On 1 January the customs duty on imported cars rose from 10 percent of the price – the old Kazakh rate – to match the Russian rate of 30 to 35 percent. Behind these measures, some see Russia attempting to give an unfair advantage to its own auto industry products – cars that are uncompetitive on world markets.
The new tariff system could unleash a flood of imports of all sorts, they warn, undermining domestic producers’ market positions and perhaps causing an upturn in inflation. In 2007, Kazakhstan exported about $46 billion worth of goods and services, dominated by hydrocarbons, and imported about $30 billion worth, according to the World Bank.
At first glance it may seem that domestic producers in Kazakhstan now have a price advantage over imports, because of the higher import duties. The truth is that old marketplace rivals have given way to new ones. The Russian government is the dominant influence over common economic policies in the customs union’s coordinating structures. Kazakh companies may now face a raft of new competition from Russian firms under less than equal conditions.
One Kazakh economic analyst thinks local businesses must get ready for cutthroat competition from Russian imports.
According to Dosym Satpaev, director of the Risk Assessment Group think tank in Amaty, Russian companies are likely to gain the advantage on the Kazakh market over the next several years, thanks to the more competitive products the far larger and comparatively more developed Russian economy can turn out. Meanwhile, he says, the Kazakh economy will continue to be hampered by organizational deficits, quality control, and other problems. Kazakhstan is not yet ready for economic integration of the type Russia is spearheading, he warns.

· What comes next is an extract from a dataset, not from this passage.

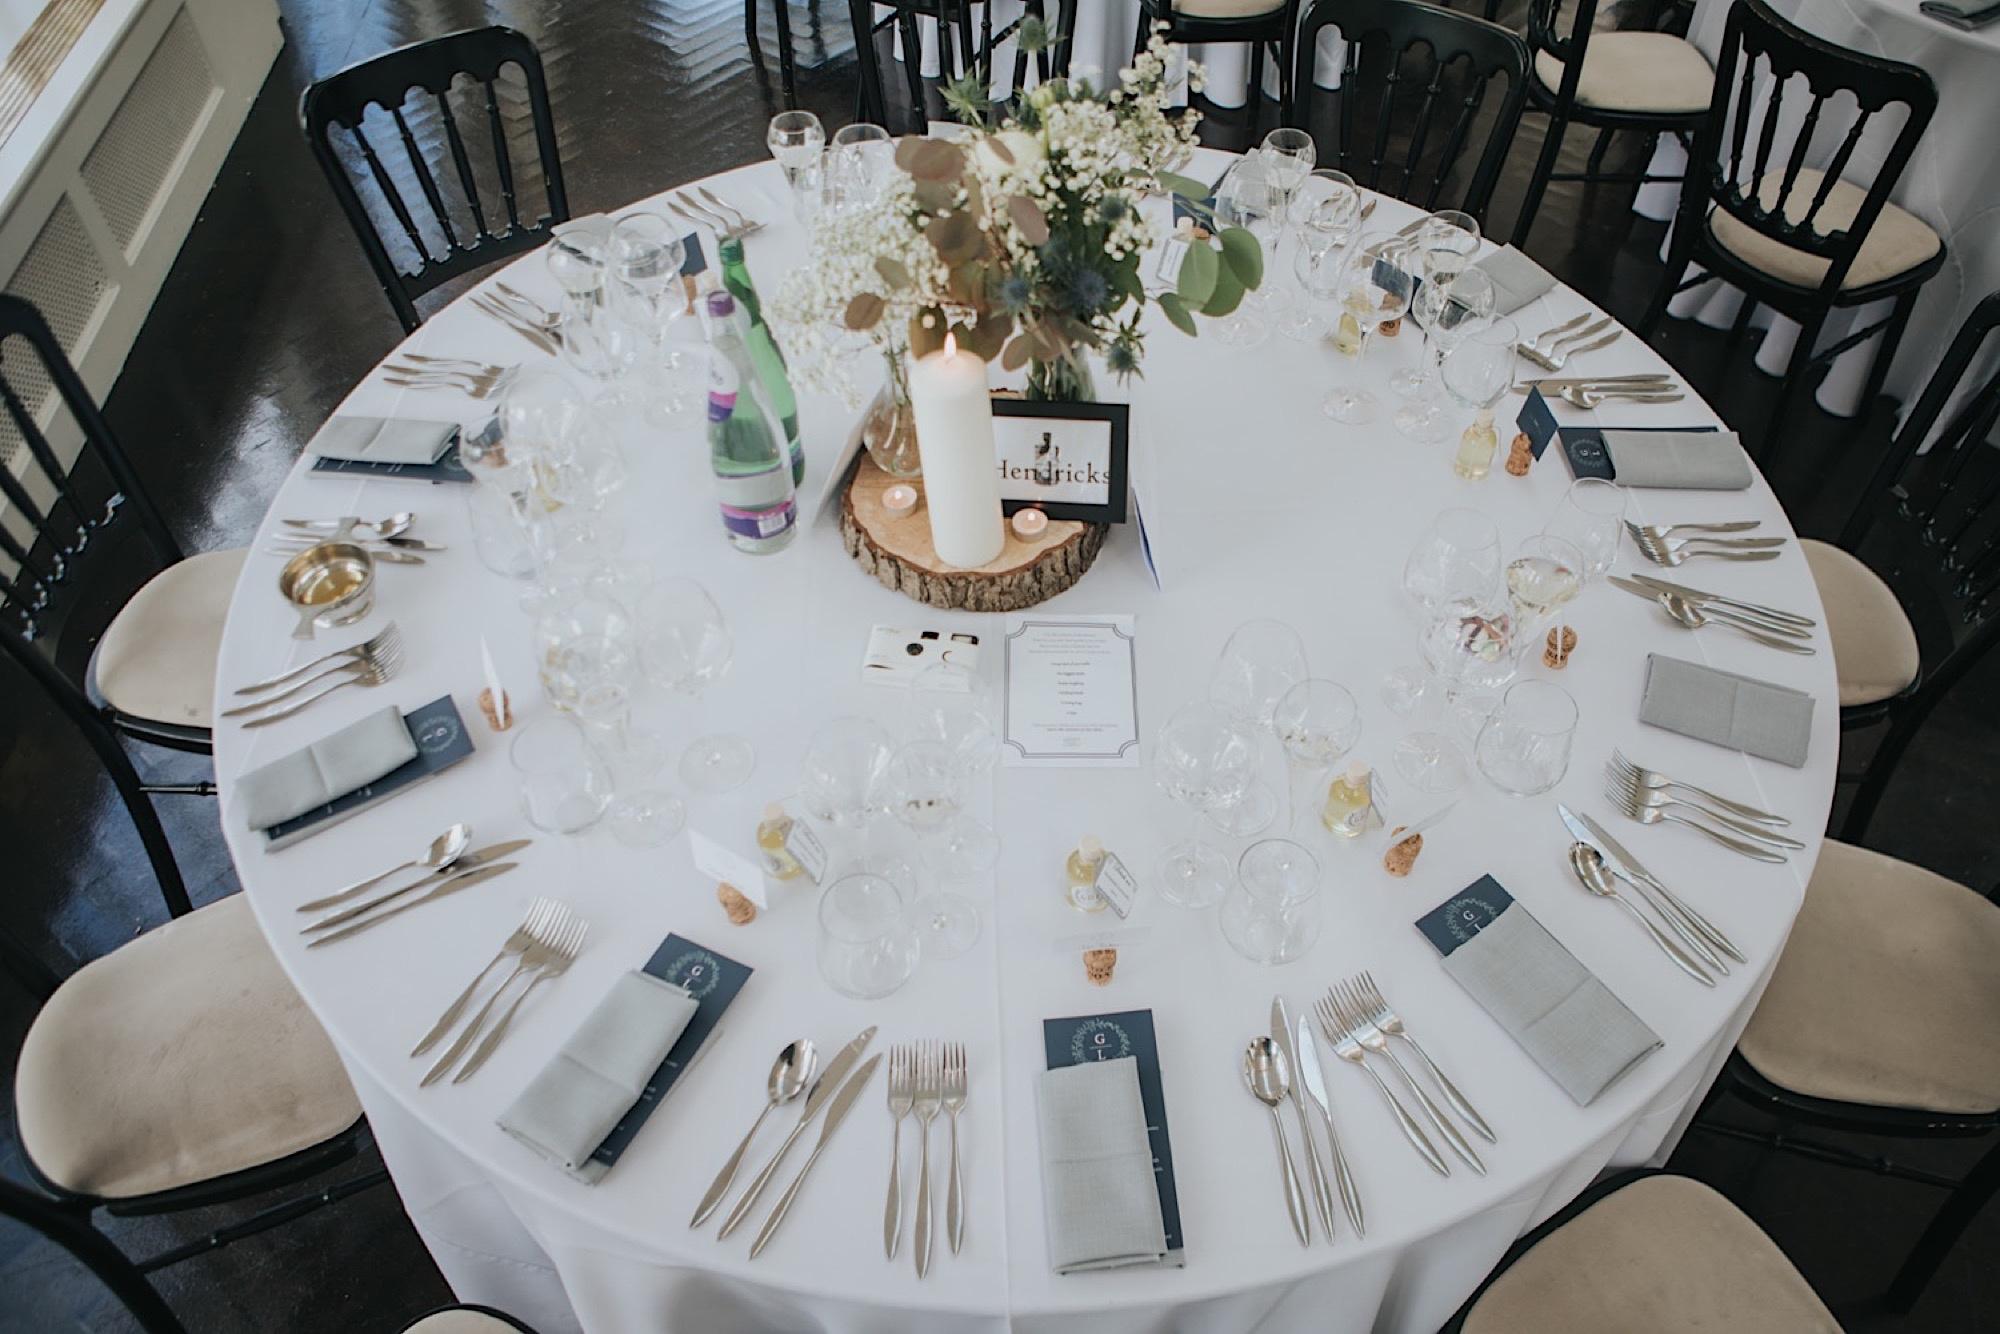 carlowrie castle wedding venue photos

Economic data alone underline Russia’s leading role in the new customs union and proposed single market. Although the Kazakh economy is one of the largest of the ex-Soviet republics, with a 2008 GDP estimated by the World Bank to be $132 billion, it’s less than a tenth the size of Russia’s.
Coming close on the heels of the launch of the customs union, the victory of a close friend in the Ukrainian presidential election will give new impetus and vigor to the Kremlin’s aim of further asserting its dominance of the post-Soviet economic space.
So far Kyrgyzstan and Tajikistan have indicated strong interest in joining the customs union, and as for the second-largest economy in the post-Soviet sphere, Ukraine, president-elect Viktor Yanukovych told the British Daily Telegraph that he favored joining the growing Russian-led economic zone. Ukrainian entry into the customs union would shift the regional balance of power strongly toward inner Eurasia, and, particularly if no positive steps toward creating a more liberal political system occur in Russia, the European Union could then expect to face stronger Russian pressure in the center and west of the continent.
Given that the Kremlin is seeking to regain its influence in Eurasia, if Ukraine joins the Russian-led economic zone, the Baltic states and the Central and Eastern European former Warsaw Pact members will take the brunt of that pressure.